Mehmet Isleyen and colleagues explain that farmers graft watermelon and other fruits onto the roots of gourd plants because it makes the fruit more resistant to diseases. In Turkey, where the group did the study, more than 95 percent of watermelons grow from grafted seedlings. Although the gourds are hardier, previous research has shown they accumulate pesticides called organochlorines. Organochlorines have been widely banned because of concerns about their effects on human health and wildlife. Despite the fact that their remnants can linger in the soil for decades, some organochlorines remain in use. While traditional watermelon plants do not take up these compounds, the researchers wanted to resolve uncertainty about watermelon grown on the roots of plants in the squash family.

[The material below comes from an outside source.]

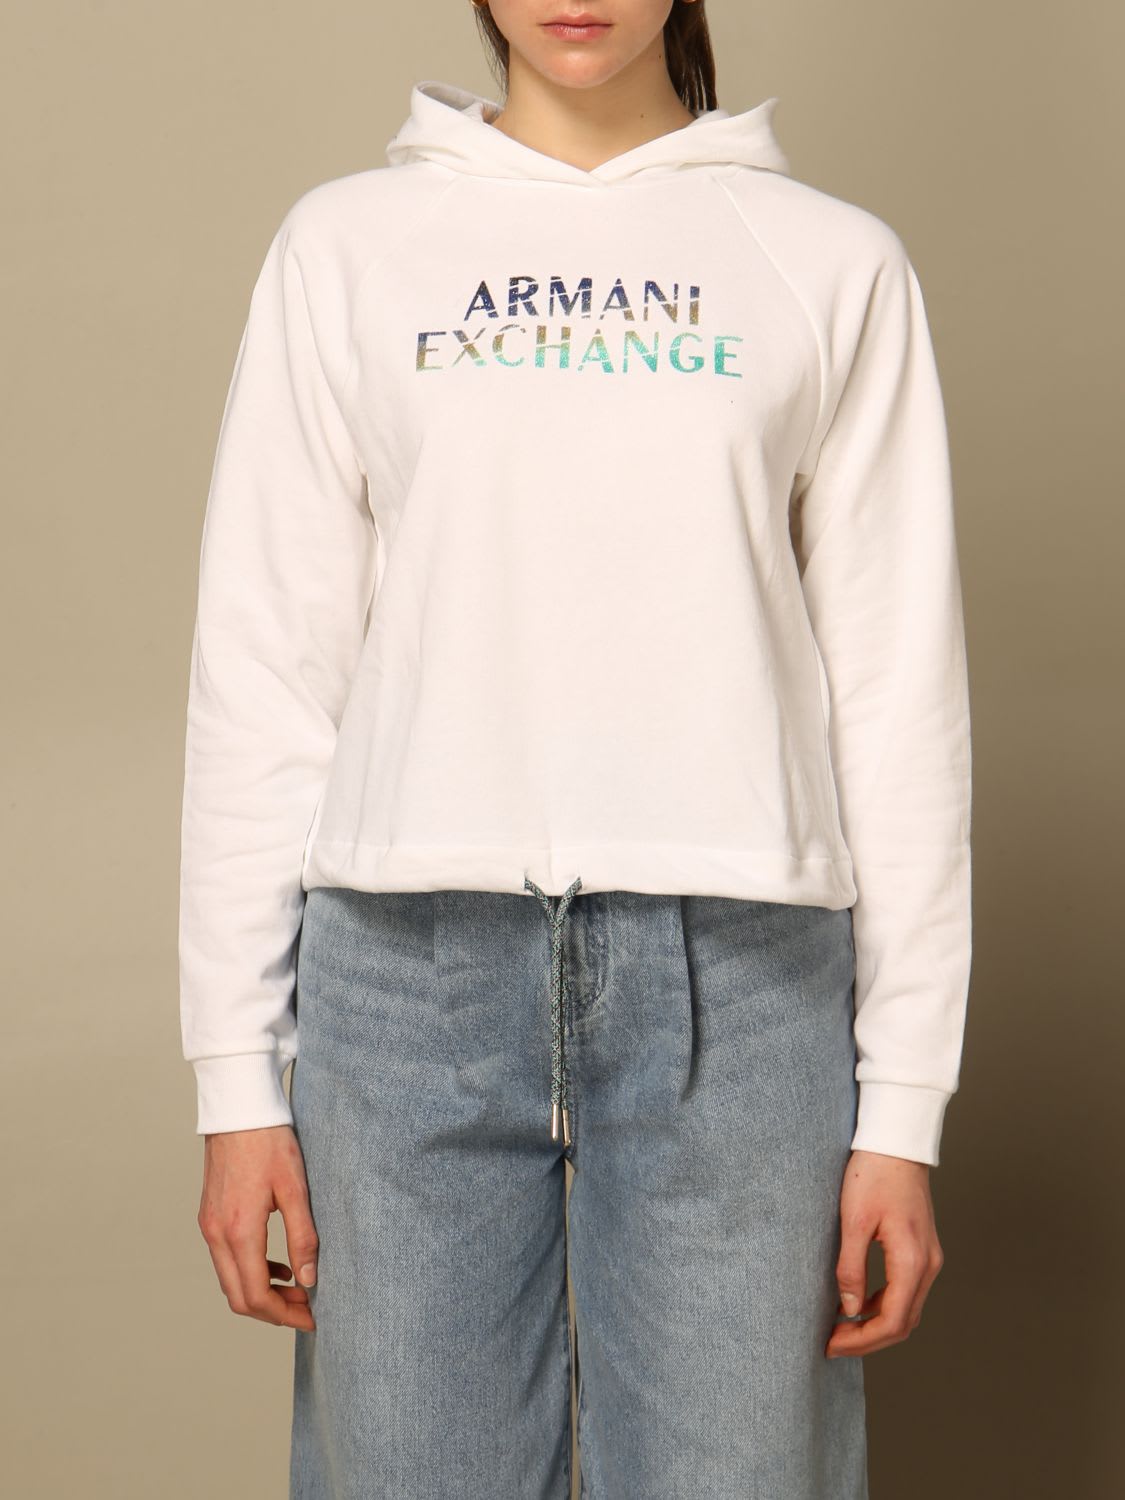 Armani Collezioni Armani Exchange Sweatshirt Armani Exchange Sweatshirt With Logo

The group grew common Turkish watermelon-squash graft seedlings in soil taken from a farming region there. They tested the roots, stems, leaves and fruit of the plants and found that organochlorine levels were as much as 140 times higher in the stems of squash-grafted watermelons than in intact watermelons. However, while still urging caution, the group notes that these levels are 6-12 times lower than accepted limits of the pesticides in produce in the U.S. and Turkey.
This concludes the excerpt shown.